*What you need to do*.
Your copy of the entries below should hold exactly the lines from the one containing "The front view" to the one containing "Sony will Lanuch", inclusive, and no pictures.

*Source material*.
[Start of Attachment]

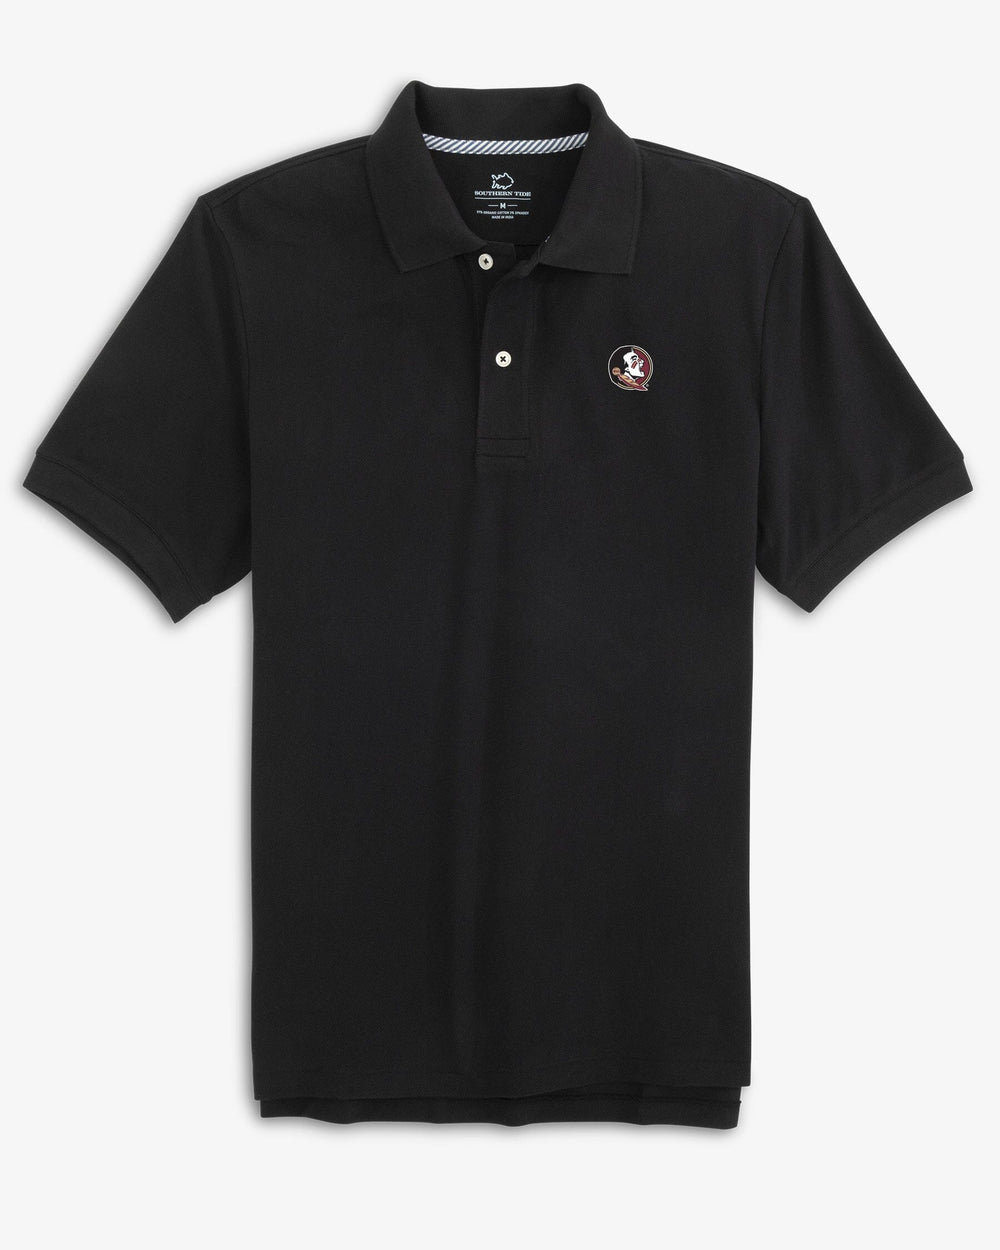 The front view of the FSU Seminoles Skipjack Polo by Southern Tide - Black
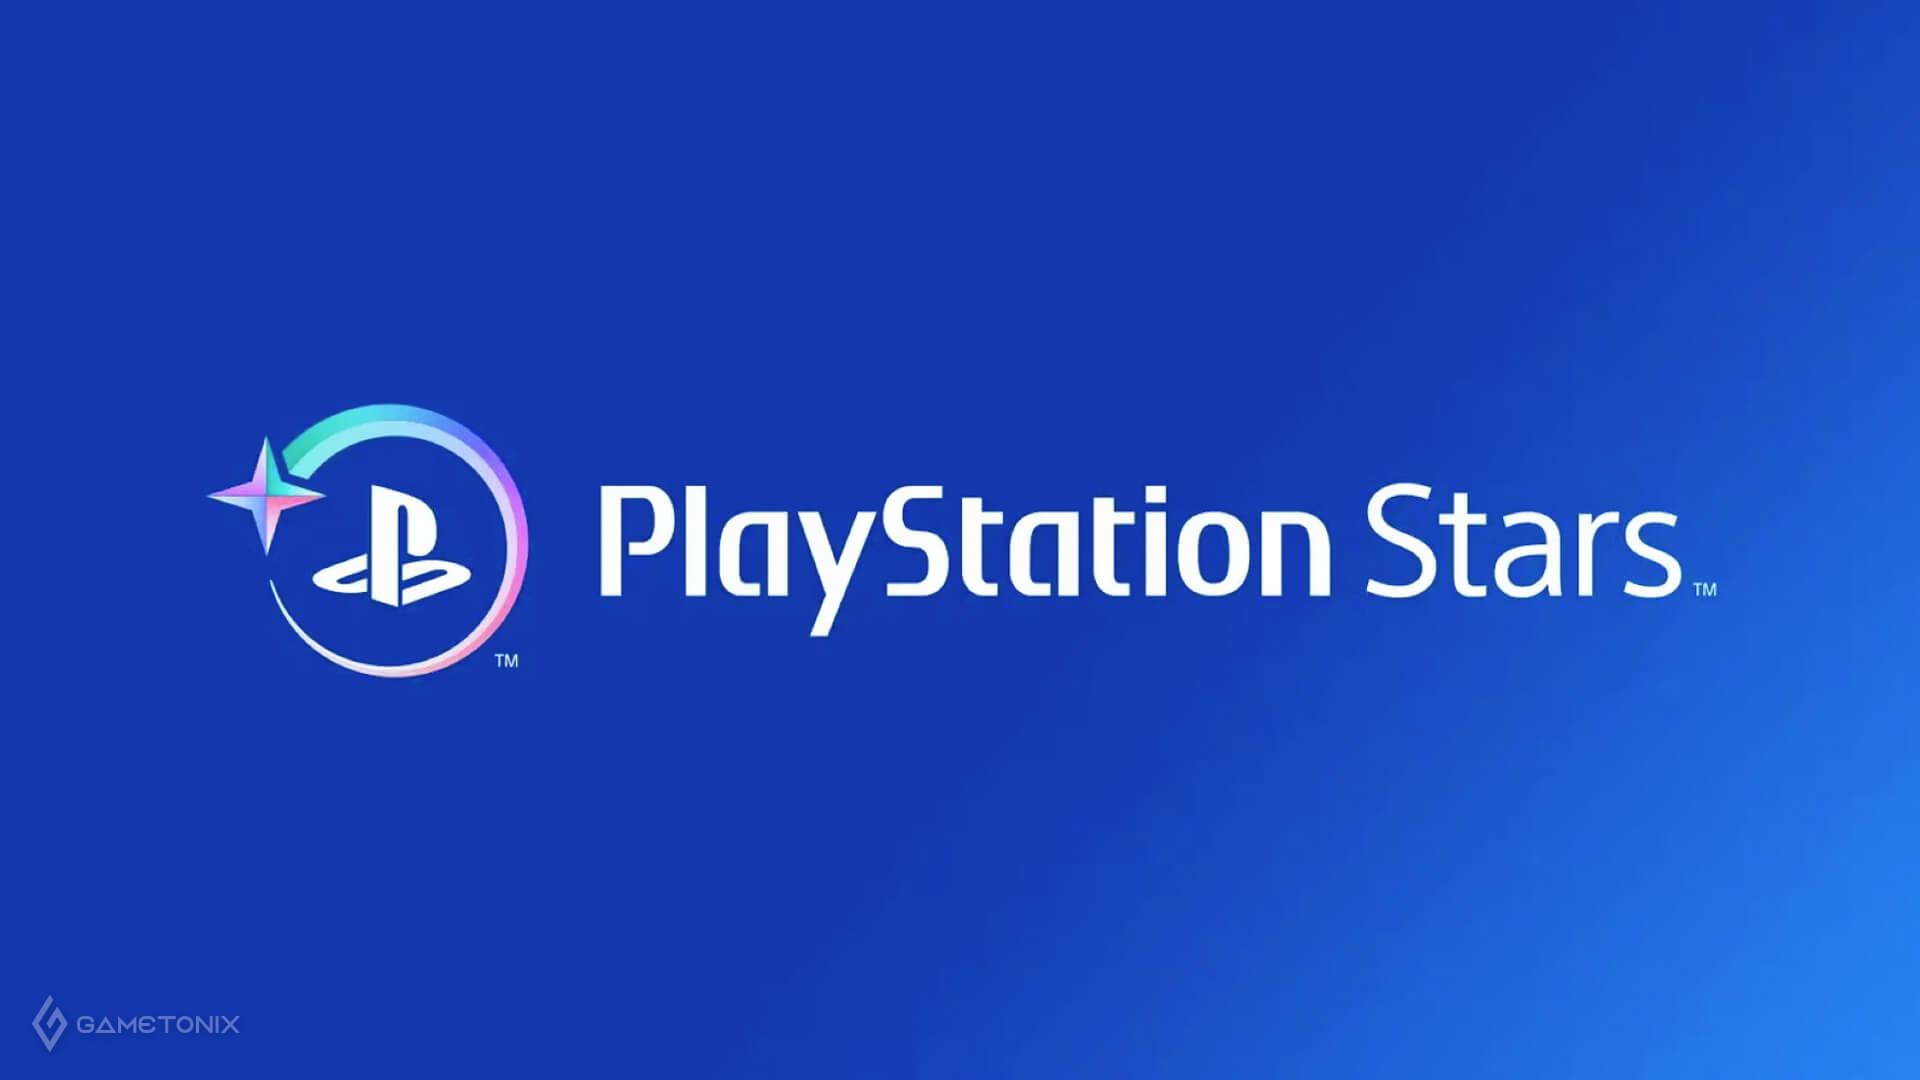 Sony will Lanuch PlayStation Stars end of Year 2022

[End of Attachment]
[Start of Attachment]

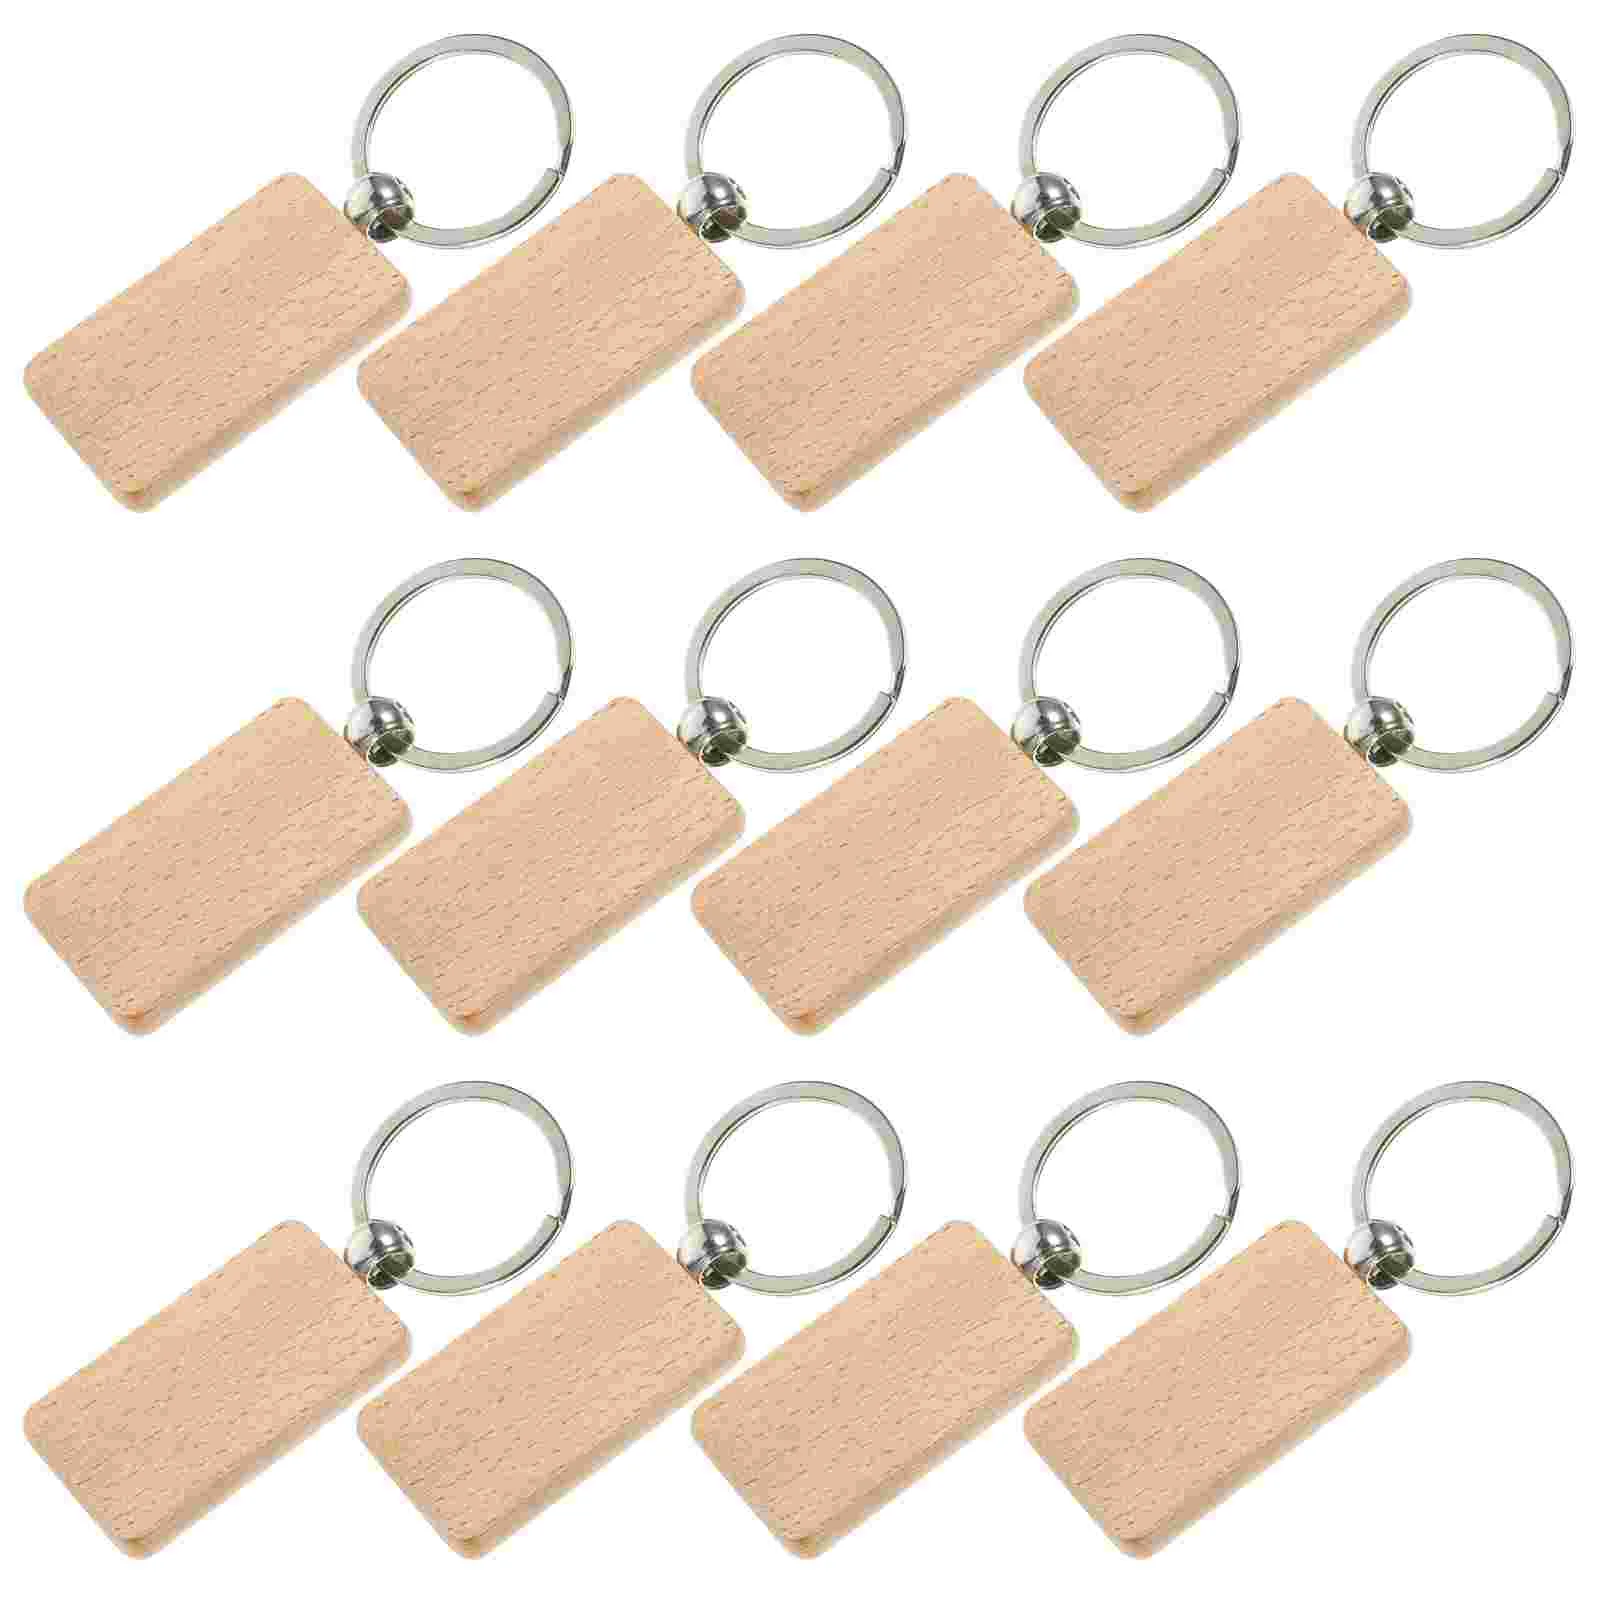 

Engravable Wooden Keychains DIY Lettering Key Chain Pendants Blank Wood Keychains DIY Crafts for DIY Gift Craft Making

[End of Attachment]
[Start of Attachment]

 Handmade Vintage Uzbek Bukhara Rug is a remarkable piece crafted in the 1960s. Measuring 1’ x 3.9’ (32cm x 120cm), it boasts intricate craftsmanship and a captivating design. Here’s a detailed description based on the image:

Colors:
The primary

[End of Attachment]

*Output*.
 The front view of the FSU Seminoles Skipjack Polo by Southern Tide - Black
 Sony will Lanuch PlayStation Stars end of Year 2022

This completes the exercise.